Your instructions
Down to the last line, set down the material below exactly, excluding pictures.

Data block
▬▬▬▬▬▬▬▬▬▬
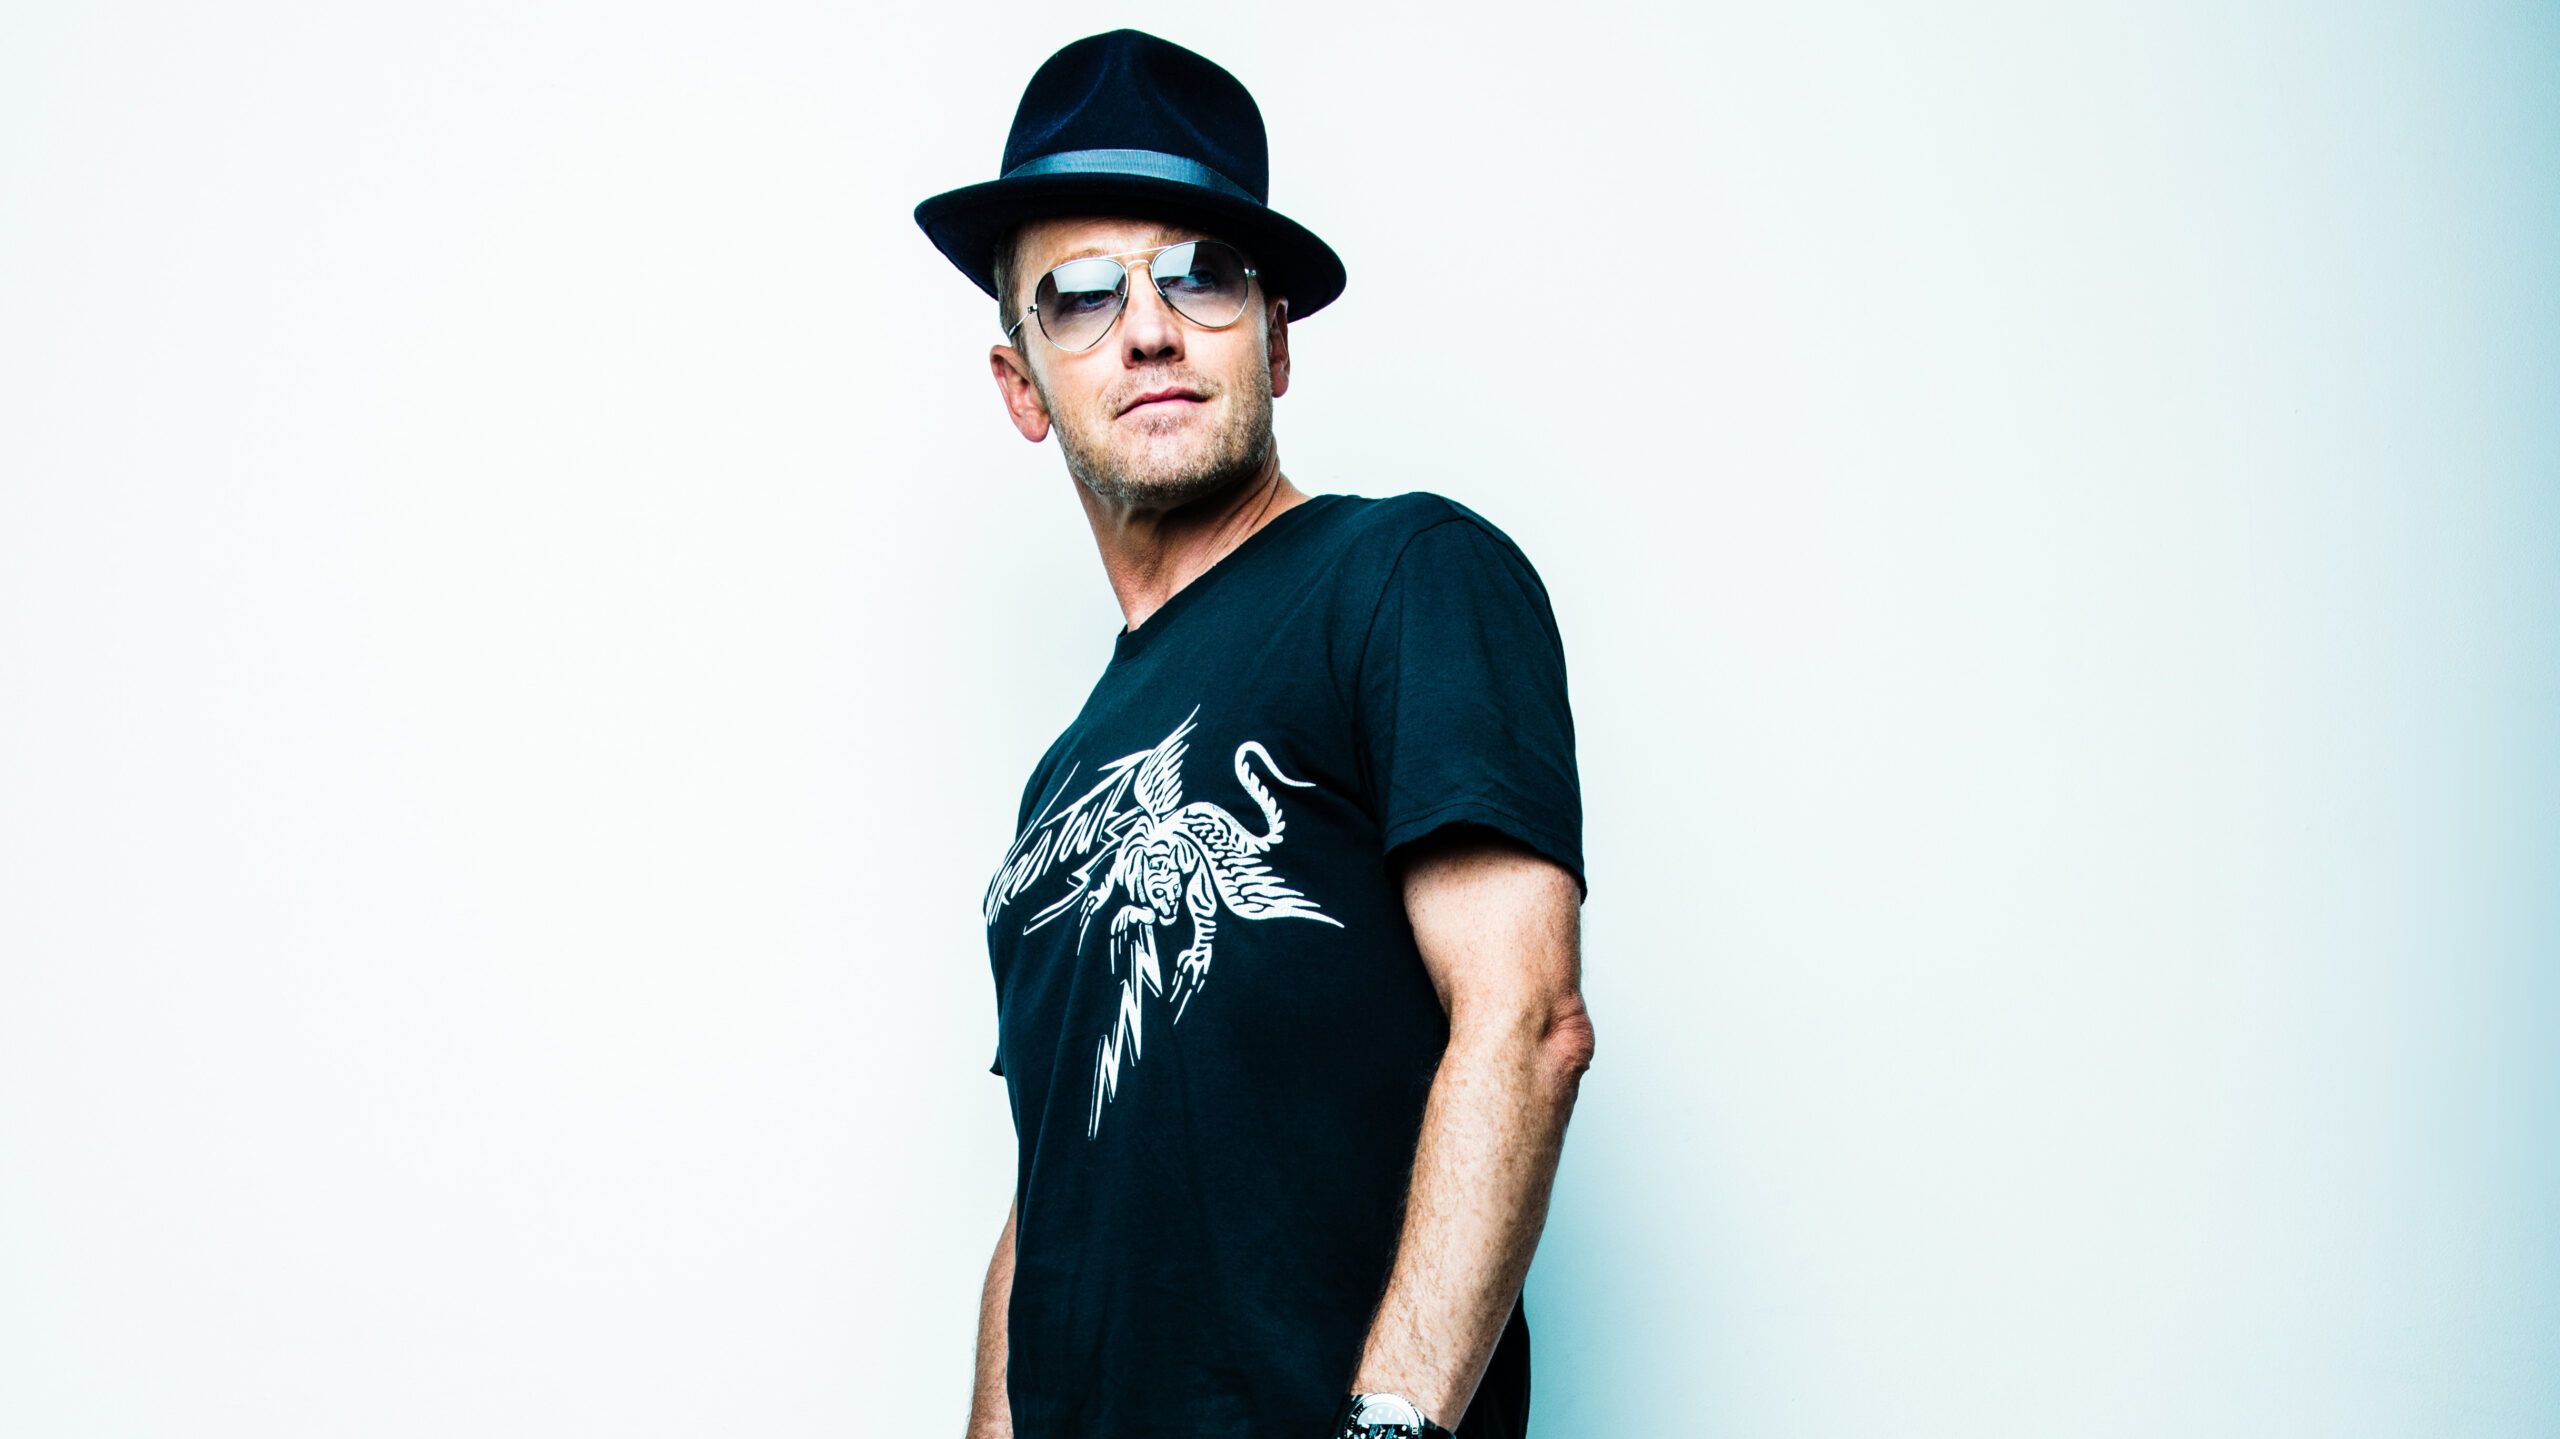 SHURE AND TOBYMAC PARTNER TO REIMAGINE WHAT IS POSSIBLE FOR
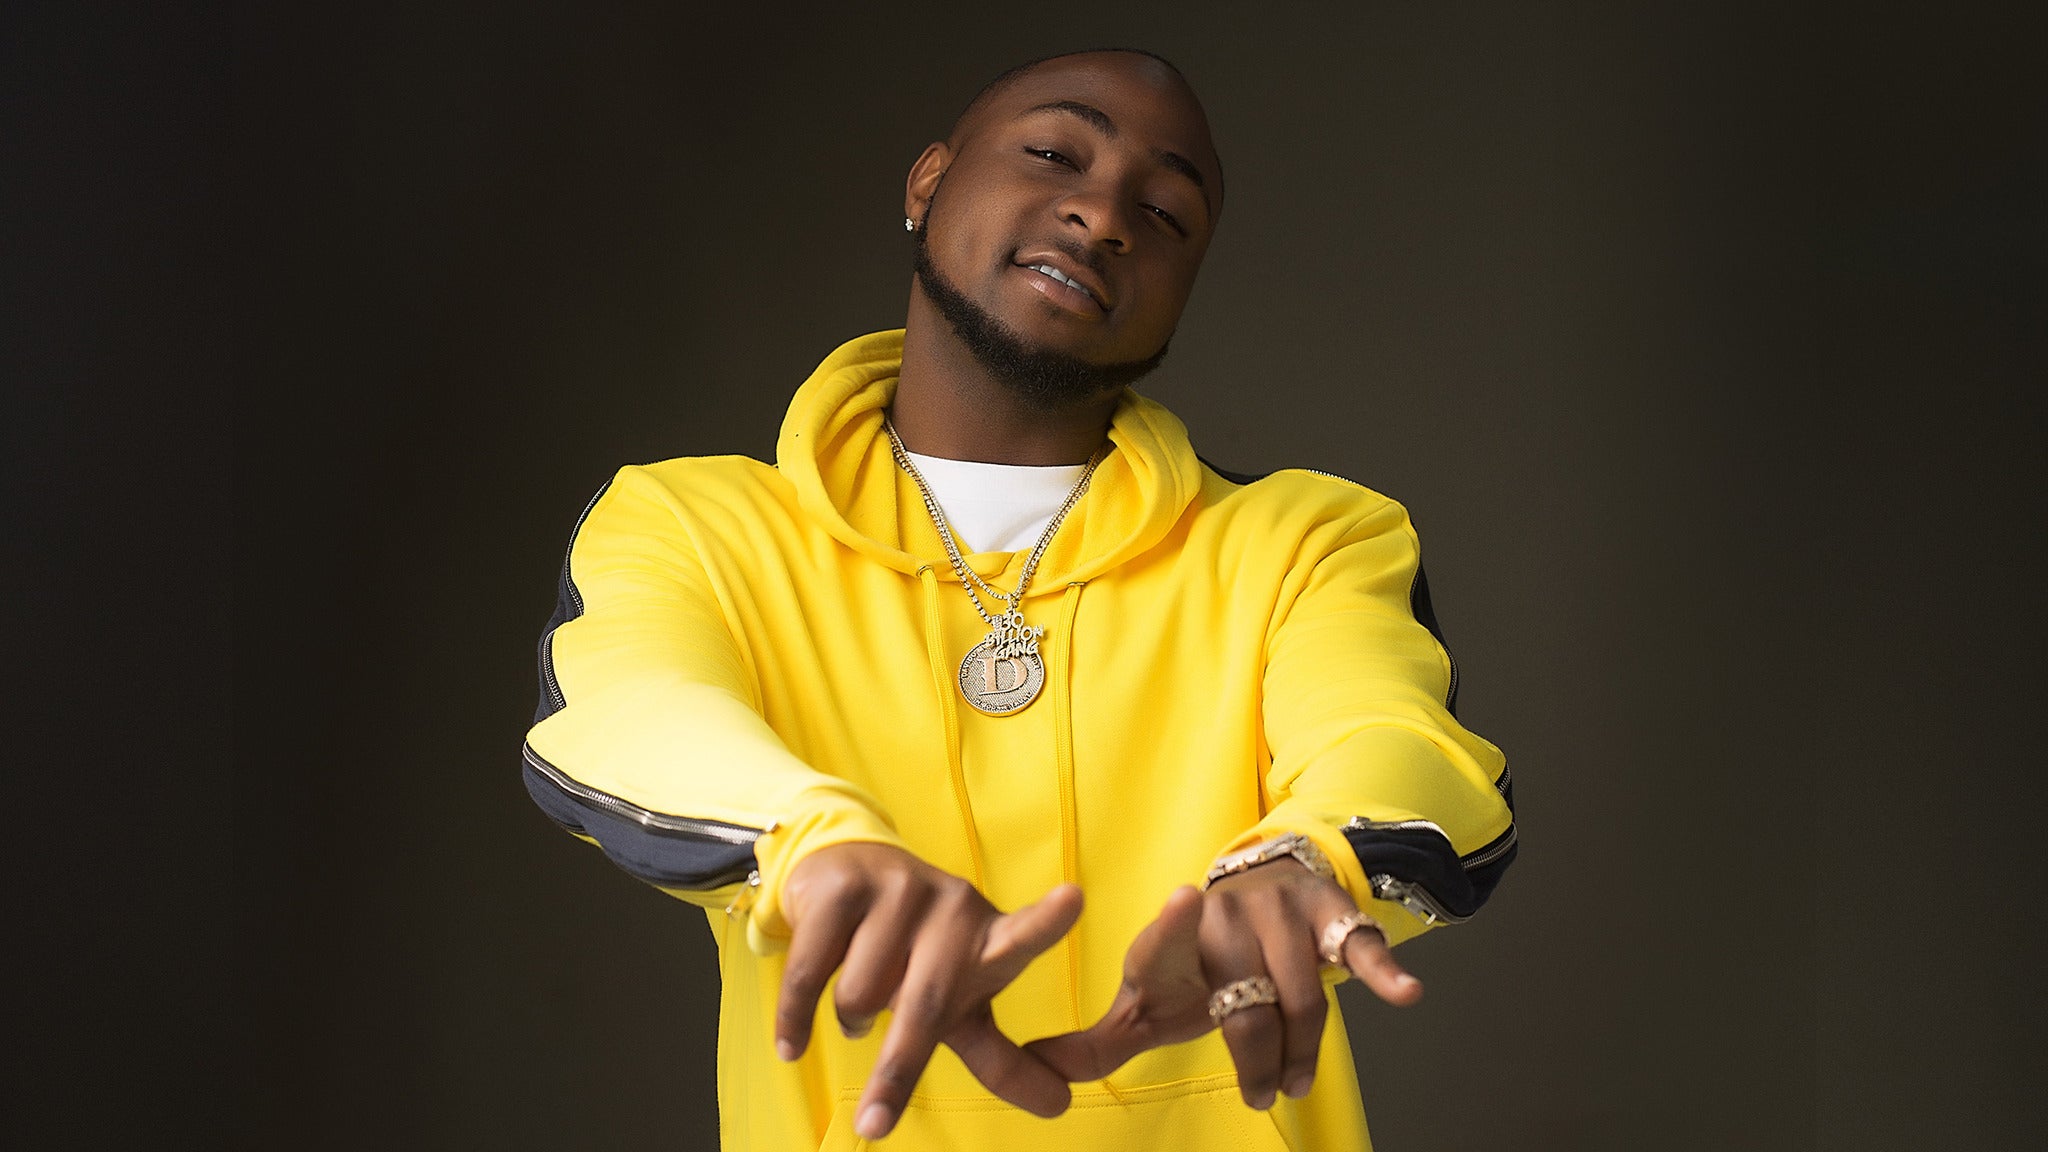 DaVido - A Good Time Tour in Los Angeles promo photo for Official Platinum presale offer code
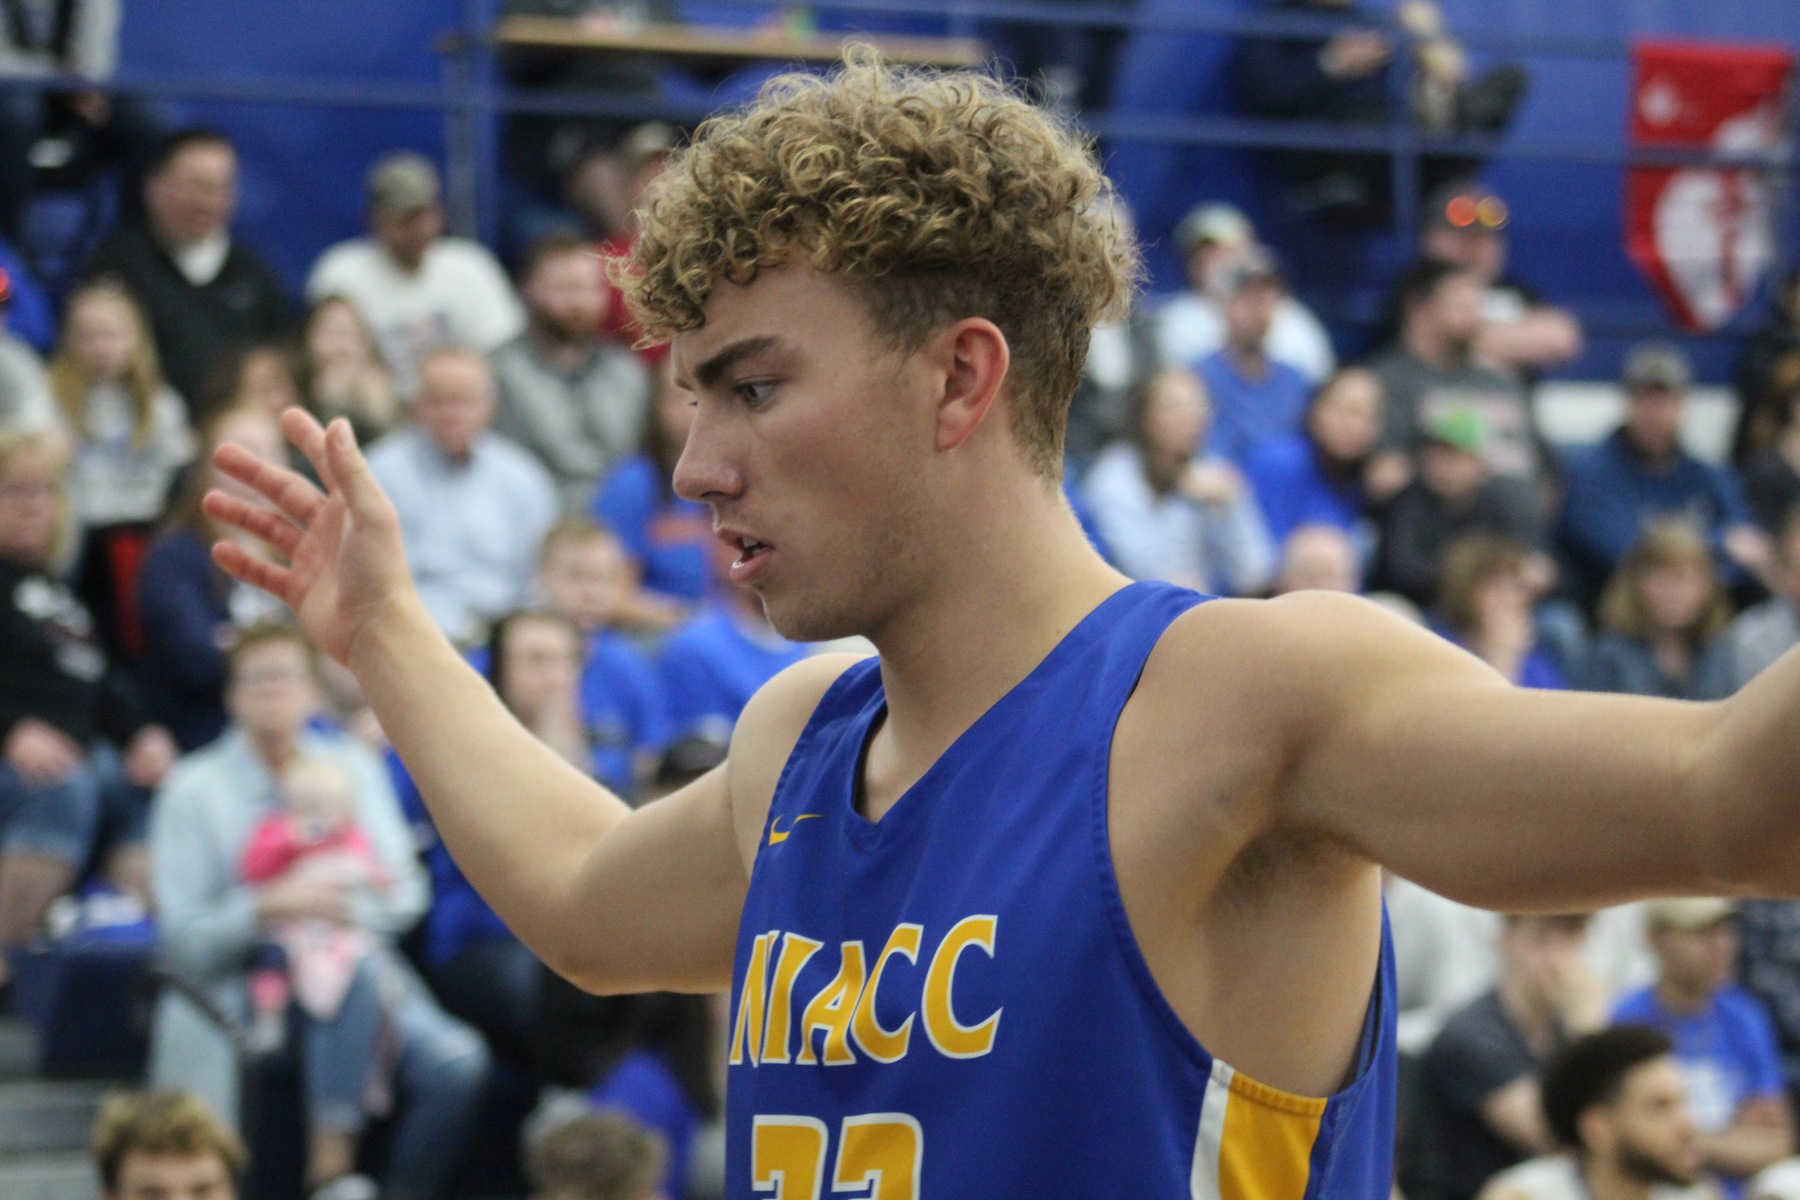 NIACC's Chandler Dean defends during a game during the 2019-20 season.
▬▬▬▬▬▬▬▬▬▬
Response to this exercise
 SHURE AND TOBYMAC PARTNER TO REIMAGINE WHAT IS POSSIBLE FOR
 DaVido - A Good Time Tour in Los Angeles promo photo for Official Platinum presale offer code
 NIACC's Chandler Dean defends during a game during the 2019-20 season.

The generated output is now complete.